La crise climatique inquiète, et à juste titre. Car elle est bien réelle. On ne peut plus aujourd’hui dire, comme l’ont longtemps fait (et continuent d’ailleurs encore à le faire) certains (ceux qu’on appelle les «climatosceptiques»), qu’elle n’existe pas. Oui bien sûr qu’elle existe. En sous-estimer la gravité est même d’une particulière stupidité.
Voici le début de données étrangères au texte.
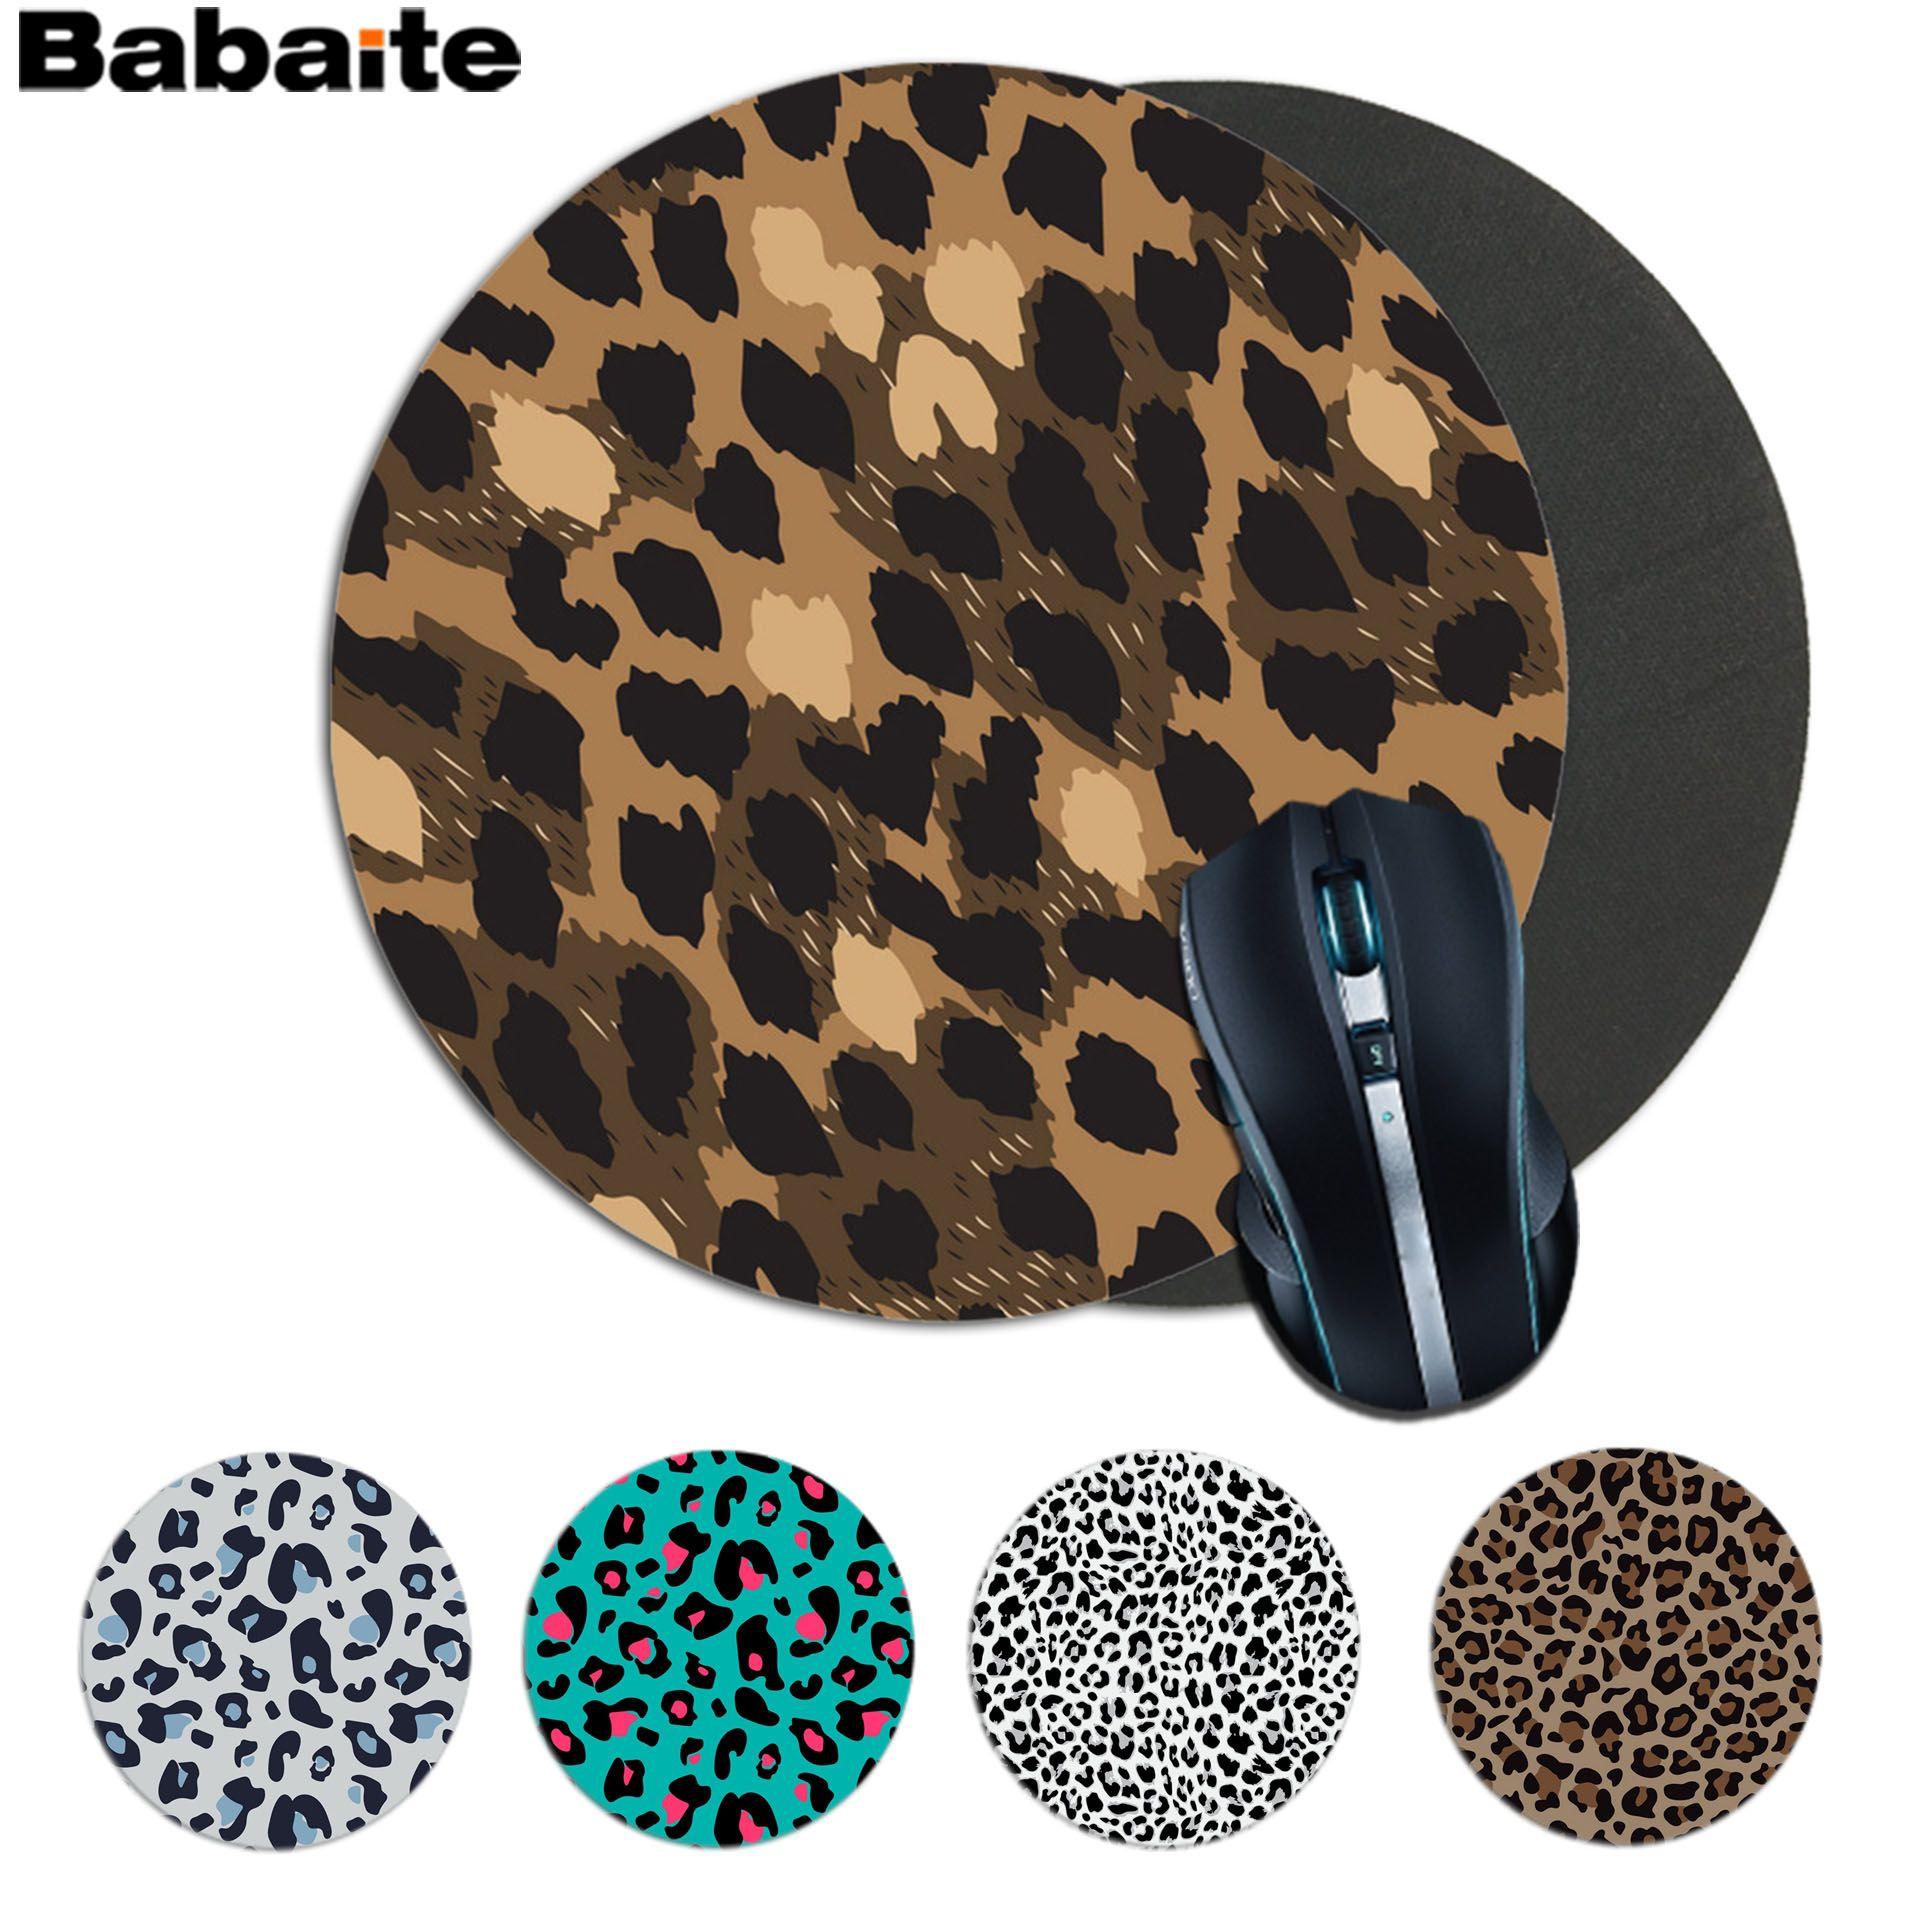 Babaite, alfombrilla ratón de leopardo de nuevo diseño, alfombrilla ratón para juegos de alfombrillas de ratón gaming para ordenador portátil

D’un autre côté aussi, chacun voit bien que la crise climatique n’est pas catastrophique pour tout le monde. Il en est de la crise climatique comme d’autres menaces aujourd’hui considérées comme existentielles: le terrorisme, par exemple. Le terrorisme est effectivement une menace très grave pour nos sociétés, mais qui ne voit en même temps tout le bénéfice qu’en retirent certains, ne serait-ce qu’au travers de la prétendue lutte contre le terrorisme. Je dis prétendue, car, justement, je ne pense pas qu’ils n’aient jamais songé sérieusement à le combattre. Il leur est d’une bien trop grande utilité. Les deux choses sont vraies: et que le terrorisme est une vraie menace pour nos sociétés, et que cette menace est très largement instrumentée à des fins n’ayant, en règle générale, rien à voir avoir avec la lutte contre le terrorisme (l’instauration de l’État total, entre autres). Logiquement parlant, c’est tout à fait compatible.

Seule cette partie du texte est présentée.